Borrowers are still rushing to lock in a low interest rate. Picture: Getty.

“It’s the highest level of property sales [on record], and part of that is buyers are looking to buy sooner rather than later now that there’s a growing expectation of interest rate rises and they probably want to lock in a fixed rate.”

After hitting record lows in 2021, fixed mortgage rates have been trending higher for several months as lenders prepare for higher funding costs.

The strong selling activity comes despite Westpac’s Consumer Sentiment Survey suggesting confidence in the housing market is ‘deteriorating sharply’, with the ‘time to buy a dwelling’ index down 40.6% from its peak in November 2020.

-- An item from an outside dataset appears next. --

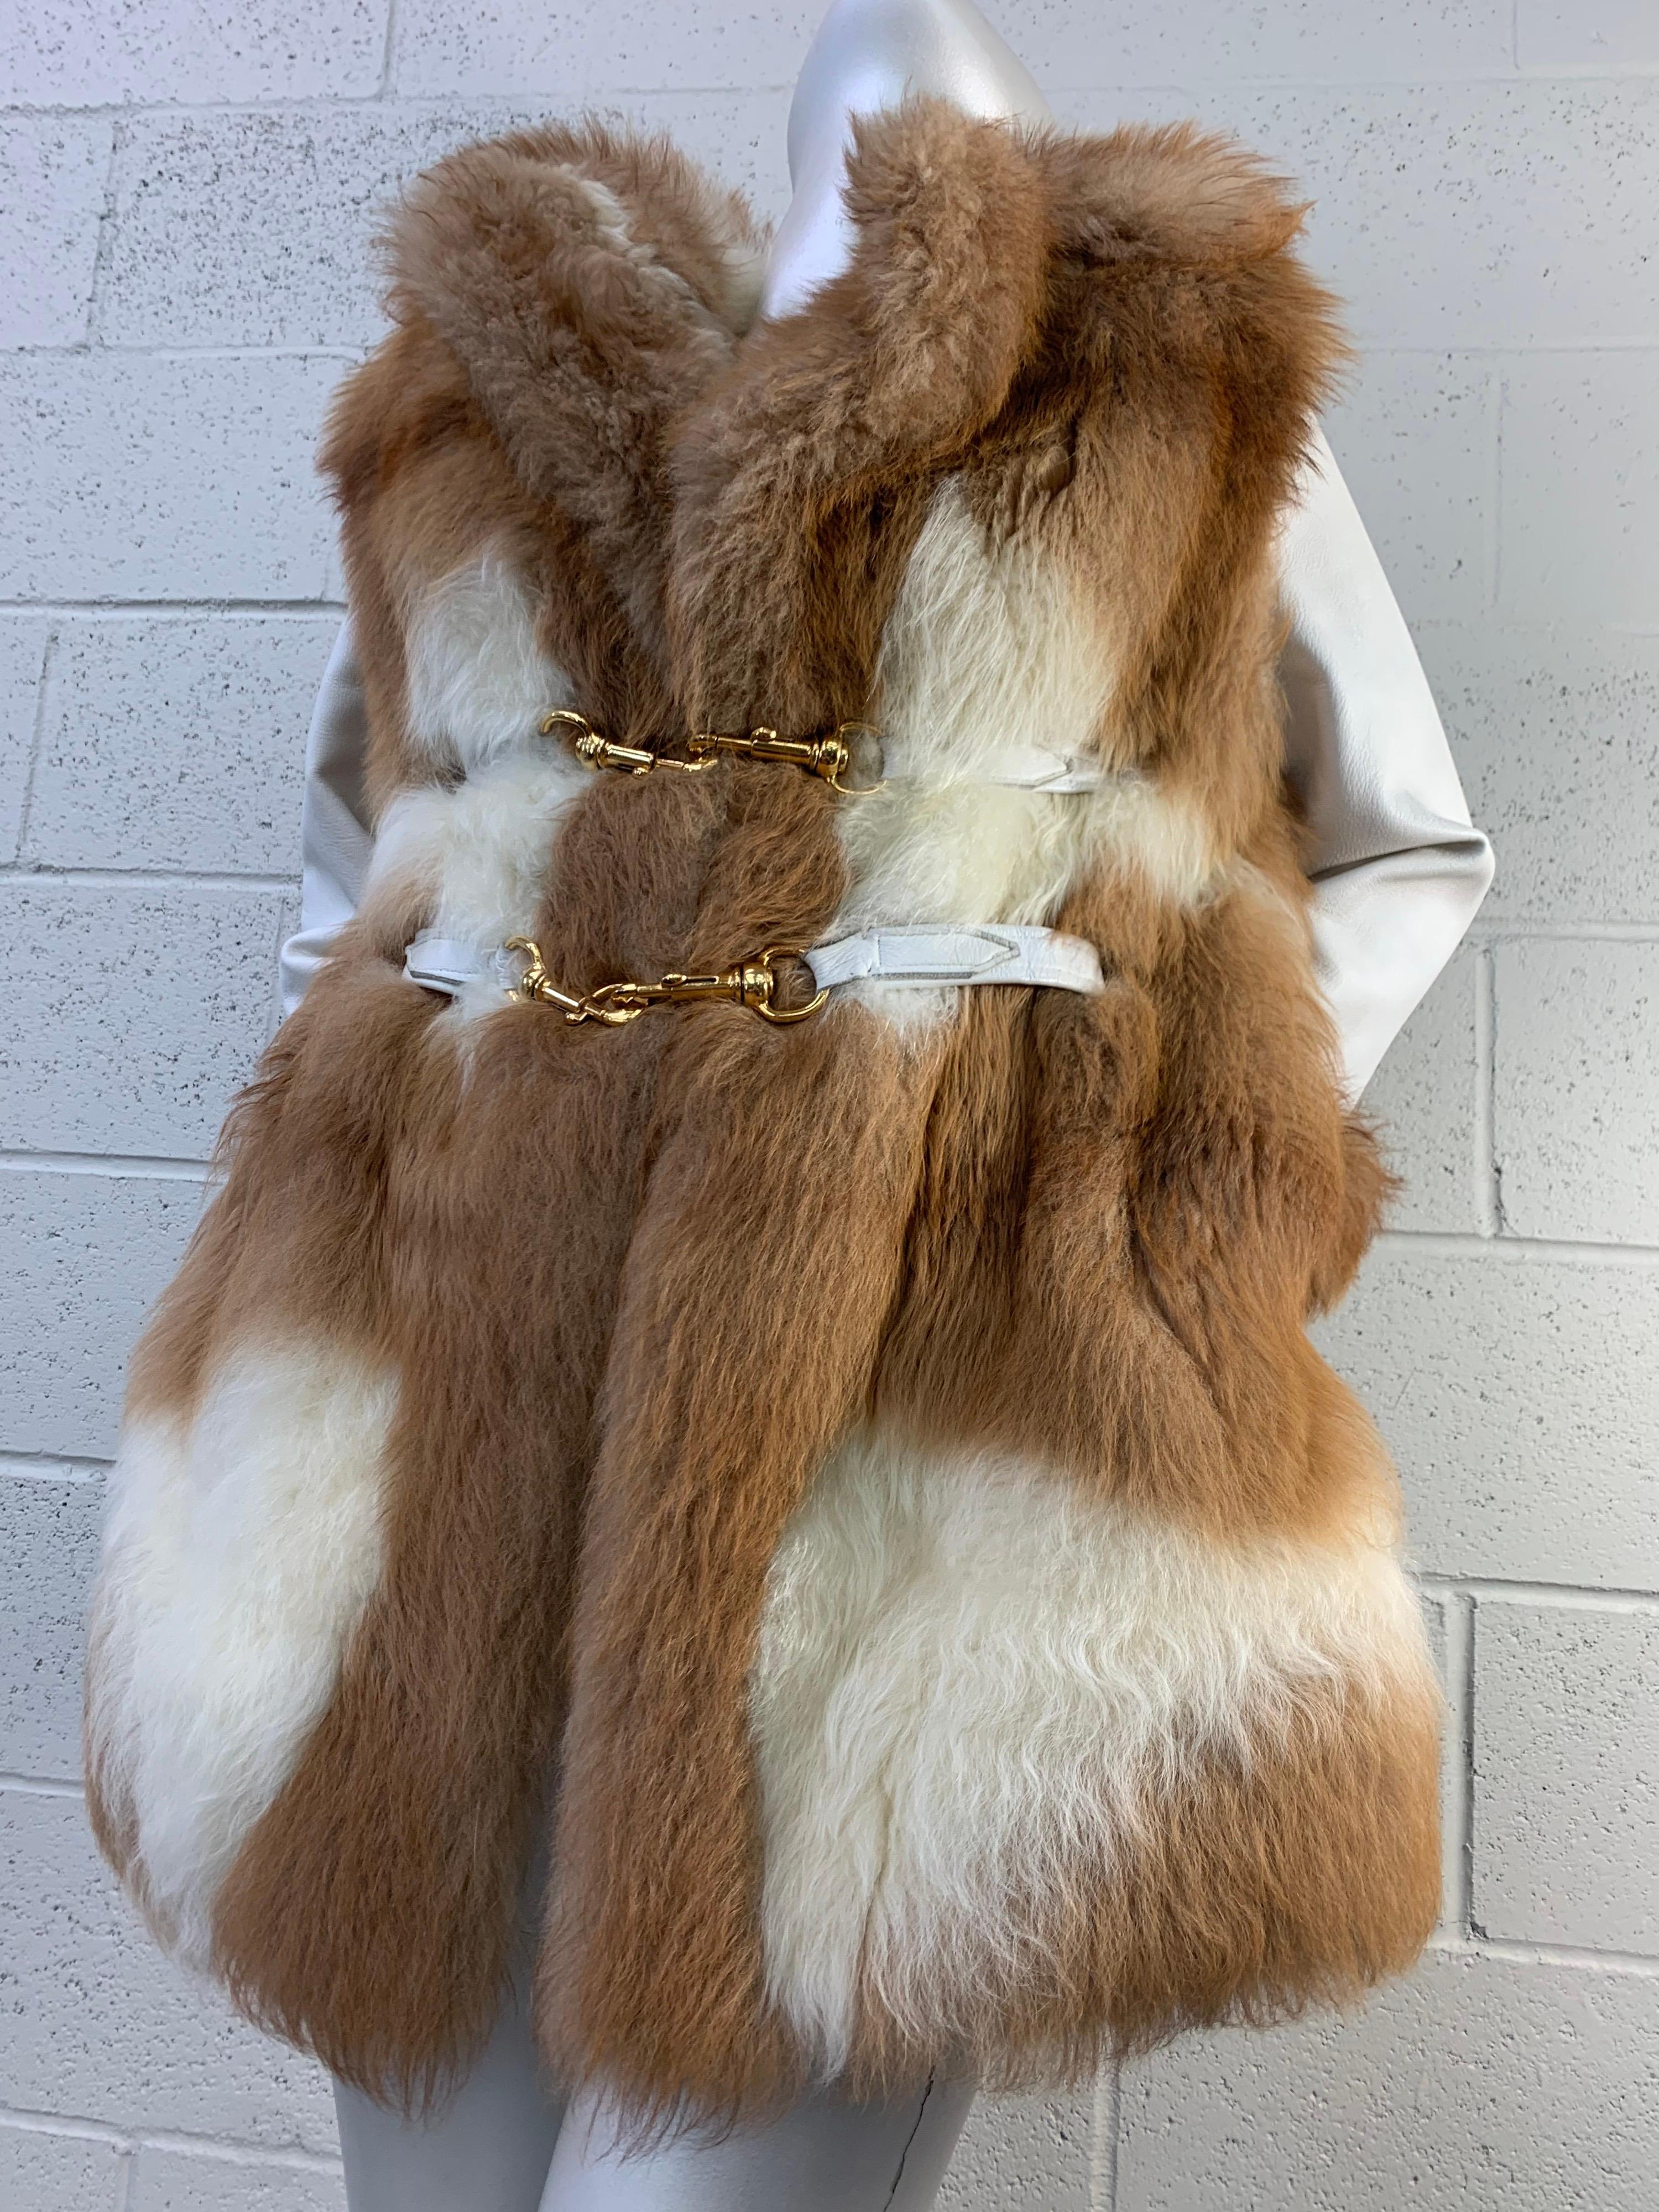 1960s Super-rare Mod-styled natural vicuna fur coat jacket with white leather sleeves. Collar and sleeves are trimmed in vicuna also. Vicuna is one of the costliest fibers in the world and is incredibly soft. You won't see this stunning arrangement

However, Westpac chief economist Bill Evans said most consumers still expect property prices to rise.

“From our perspective, it is surprising that we have not seen a sharper fall in the House Price Expectations Index to date,” he said, noting official rate hikes are yet to be fully factored into consumers’ house price views.

Investor activity up and up

Finally, there’s a chance the war in Ukraine could also influence buying decisions this year, according to PropTrack’s Anne Flaherty.

Investor activity has further to run as money is redirected into property. Picture:

Despite an inevitable rise in interest rates at some point, she says the war could have the result of actually increasing the number of people looking to invest in property, with stock markets becoming increasingly volatile.

“I think that those investors who may have otherwise favoured stocks may now start thinking more about the property market and thinking the property market’s a bit more stable,” Ms Flaherty said.

“Australia’s a very safe, transparent market, so it could also increase offshore buyers looking to invest in the Australian economy.”